PUBLISHED: November 28, 2017
at 6:16 am | UPDATED: November 28, 2017 at 6:21 am
At Dana Point on Monday, Robin
Lowe was on a mission — to get a glimpse of a rare bird said to be hanging out
near local waters far from its home on the Galapagos Islands.
“I’m still smiling ear to ear,”
she said after seeing the Nazca Booby casually hanging out with pelicans on a
jetty. “To be able to see it today, it’s hard to grasp the words. I’m just so
thrilled to be able to see this. It’s once in a lifetime. Here it was in our
backyard, in the Dana Point harbor.”
Bird-watching enthusiasts flocked
to the Orange County harbor clutching binoculars and long lenses hoping to see
the Nazca Booby.
The bird was spotted in Newport
Beach two weeks ago, then by a deckhand on the fishing boat Sum Fun on Sunday,
and again Monday on the rock jetty where boaters enter and exit the harbor,
said Donna Kalez, manager of Dana Wharf Whale Watching.

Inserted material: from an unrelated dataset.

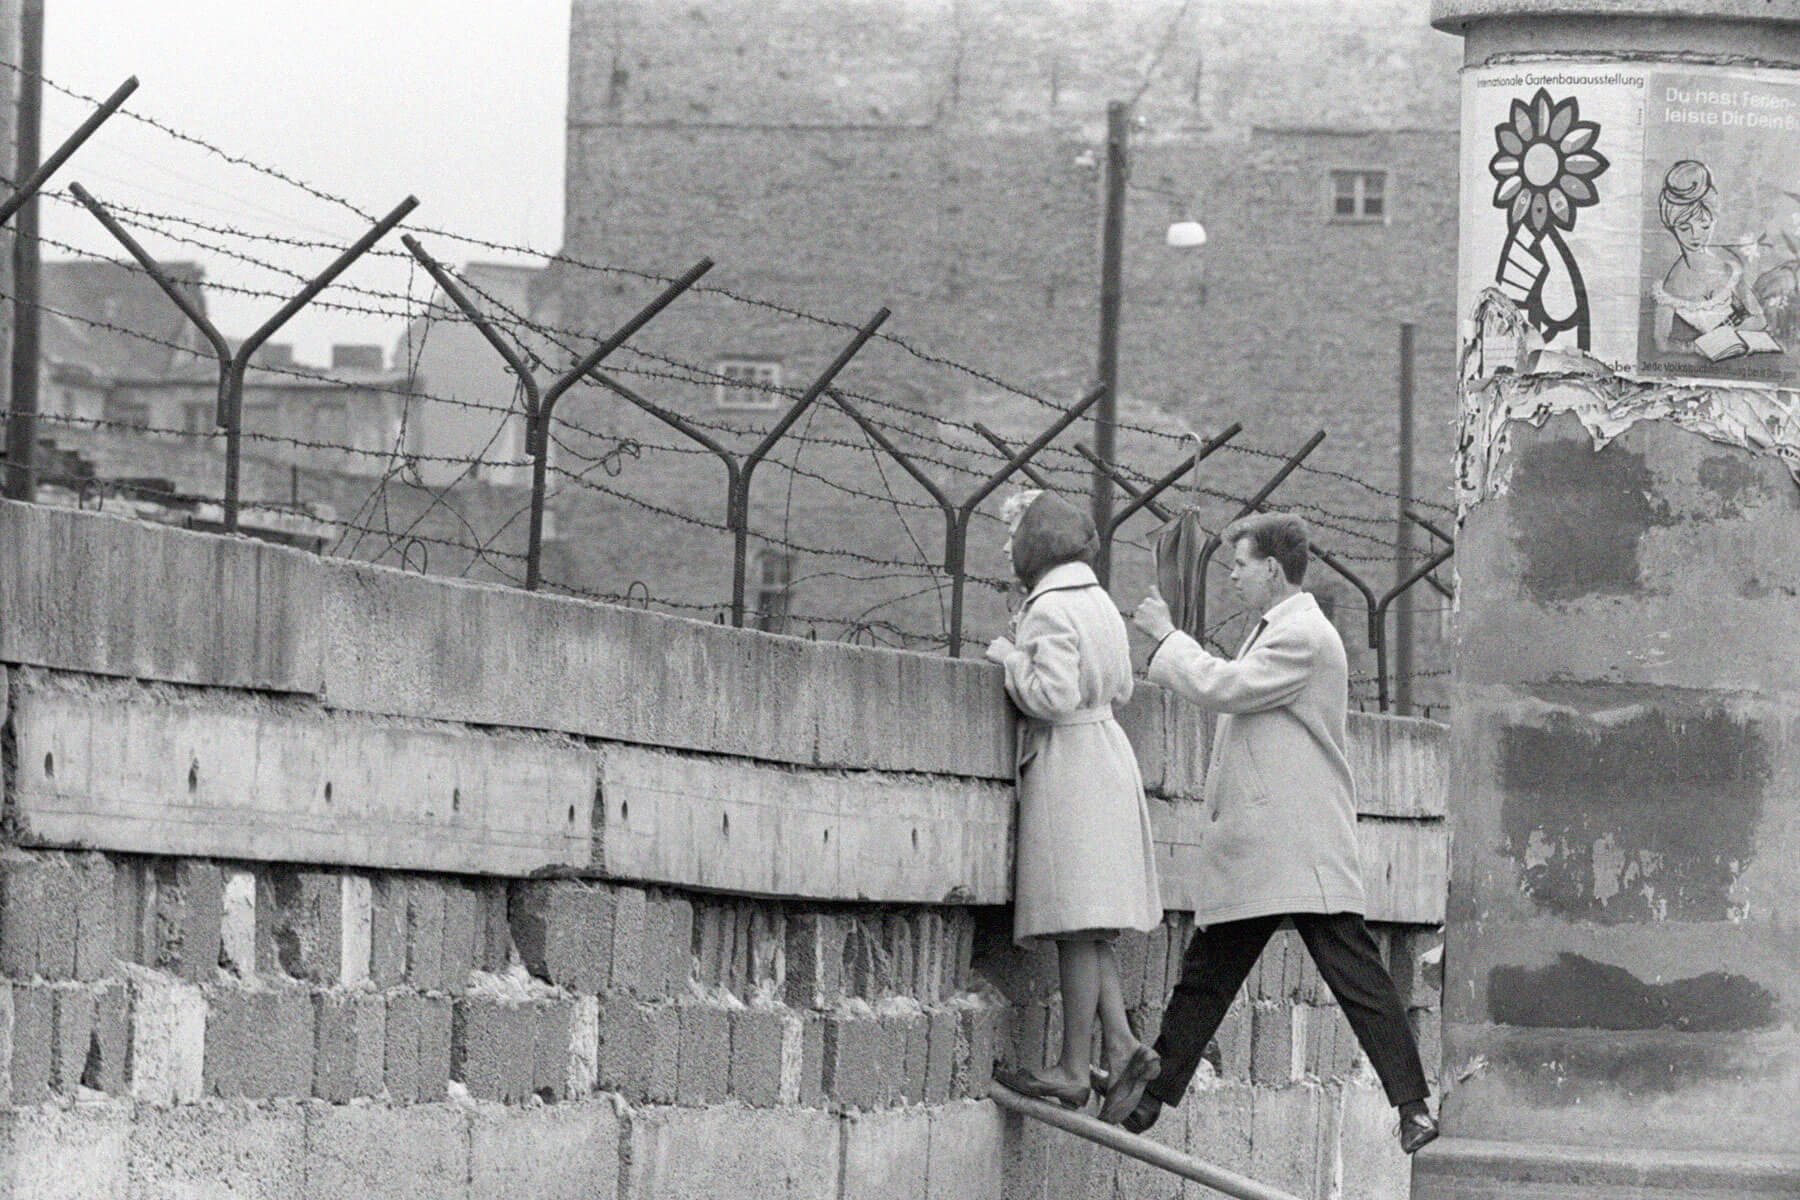 Peering over the Berlin Wall

“I guess it’s super-duper rare,”
said Kalez, noting that whale-watching was slow Monday, but bird enthusiasts
got a treat. “People are really excited about this bird.”
The Nazca Booby breeds
primarily on the Galapagos and Malpelo archipelagos but on occasion can be
found offshore from mainland South America, with small breeding populations
along the Ecuadorian and Peruvian coasts as well as in the Pacific Coast of
Central America, according to The Cornell Lab of Ornithology.
Lowe, a naturalist with the
American Cetacean Society, said she showed a picture to the Dana Wharf Whale
Watching deckhands, and one immediately spotted the bird just as they were
leaving the harbor.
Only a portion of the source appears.